The naira's genuine mirror, Nigeria's economy, is in terrible shape. Over 90 million Nigerians, or over 40% of the population, are extremely poor. Nigeria has yet to fully recover from the devastating effects of Covid-19; growing insecurity that has hampered agricultural activities is having a different impact on Nigeria's food security; food inflation, according to the NBS, was about 18 percent; and food prices are expected to rise in the coming years.

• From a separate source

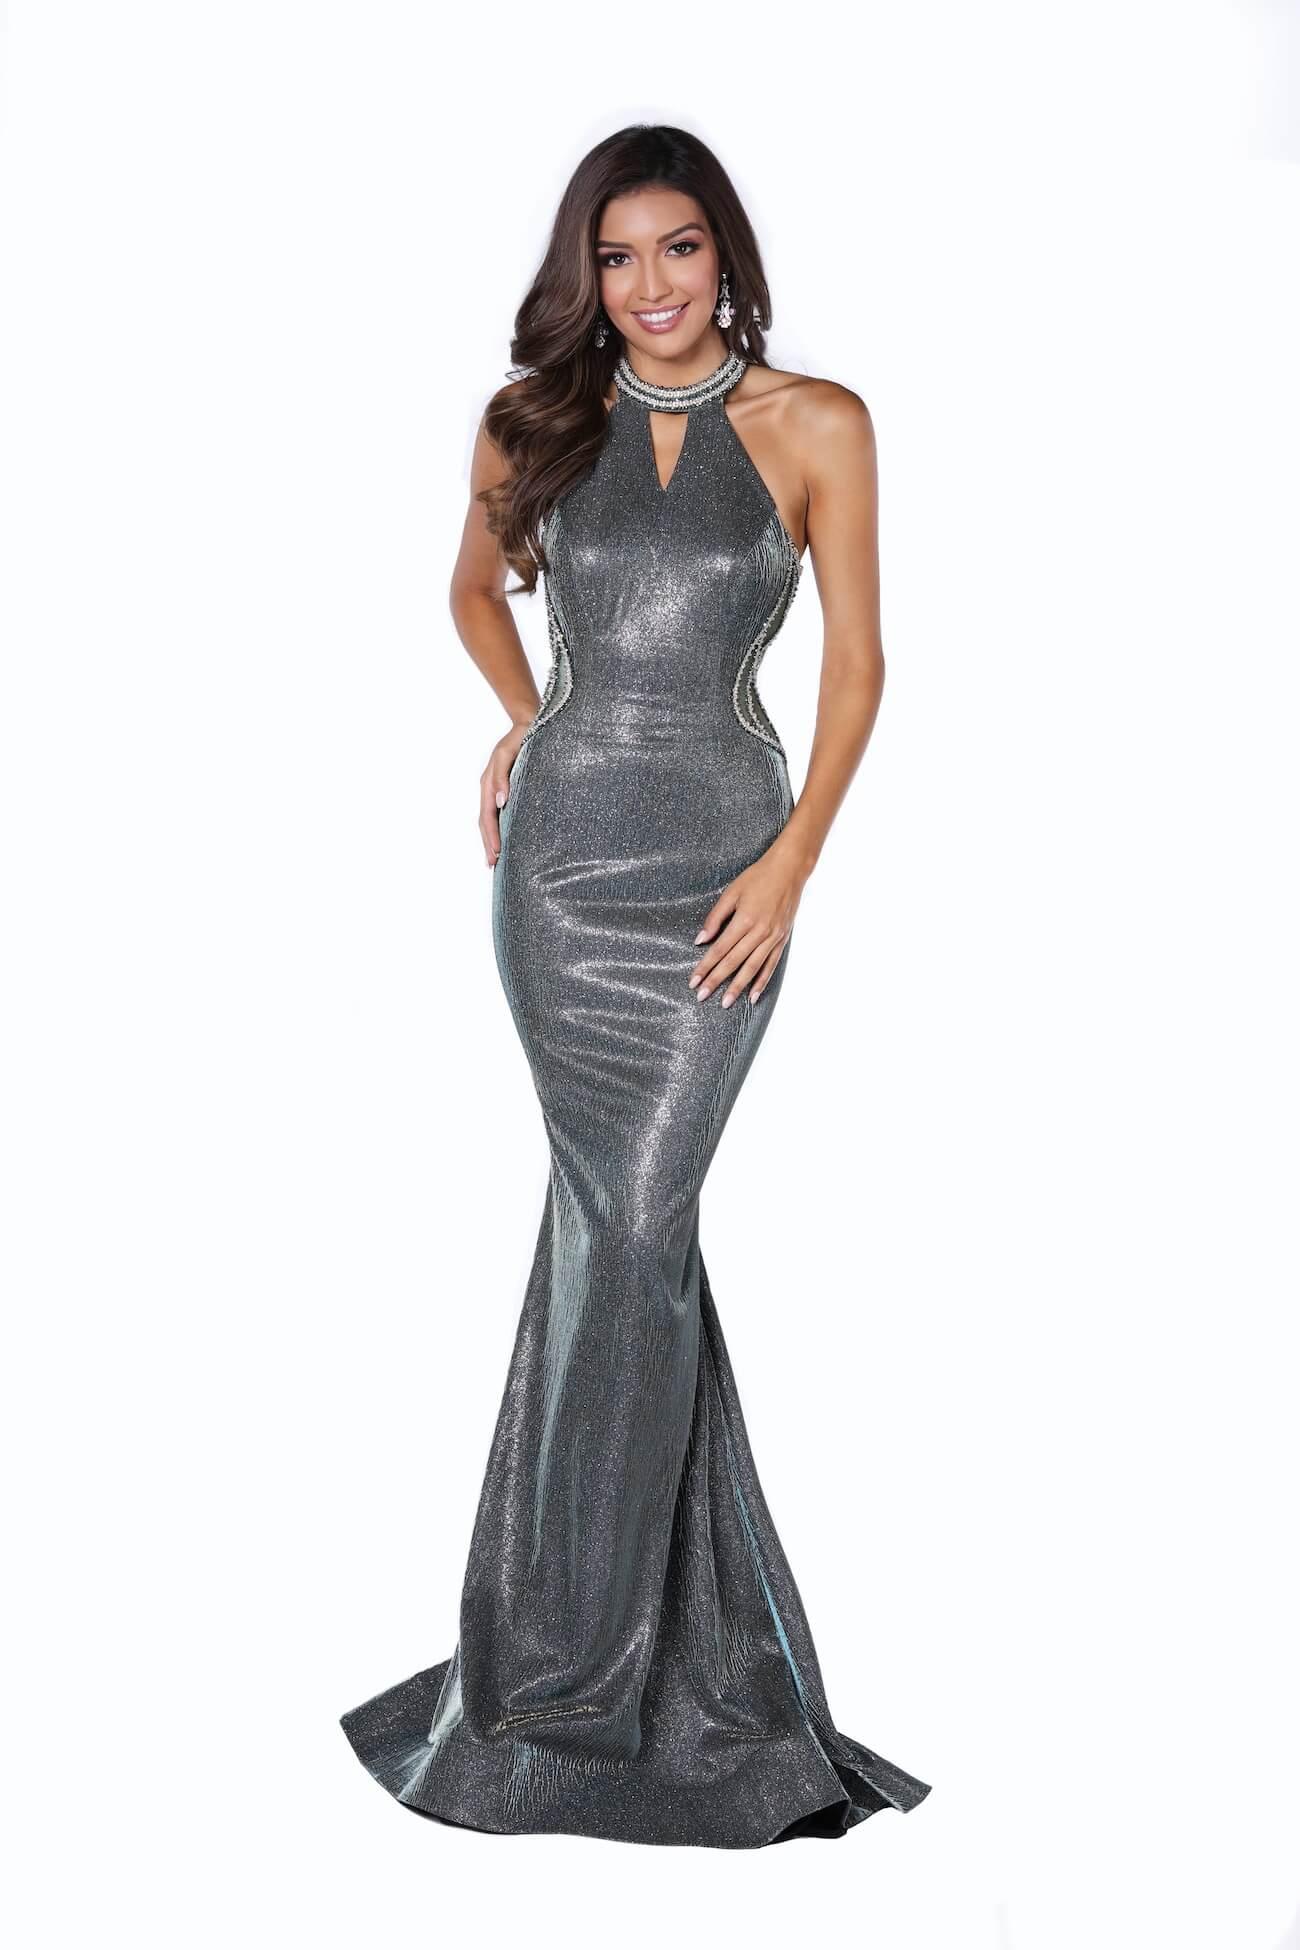 Queenly size 10 Vienna Silver Mermaid evening gown/formal dress

Food production is expected to decline due to fertiliser shortages caused by the Russian-Ukrainian war.

The N17 trillion budget for 2022 is fueled by a $6 trillion deficit, the majority of which will be used to pay down debt.

The local currency's value is steadily declining, and the country is still not producing much; the rates of unemployment and underemployment were 33 and 22 percent, respectively.

Nigeria's foreign exchange reserves are decreasing as a result of the Central Bank's sustained participation in the foreign exchange market to preserve the stability of the local currency.

The Nigerian National Petroleum Company (NNPC) Limited, which has for many months failed to deposit its required funds into the Federation Account, which is jointly managed by the Federal, State, and Local Governments, despite a decline in oil production, rising subsidies, and high production costs, complicates the liquidity of the Nigerian currency despite high oil prices.

Because our manufacturing sector is so heavily dependent on imported raw materials, the extreme depreciation of the currency has the following repercussions for economic actors: high production costs; high operating costs across all industries.

Market analysts claim that in order to sustain interest in the local currency, the nation must work to transform itself into a production economy in the medium to long term. If Nigeria is unable to export high-quality goods while addressing the problem of oil theft, which costs the nation billions of dollars annually, the exchange rate will be under pressure in a crisis.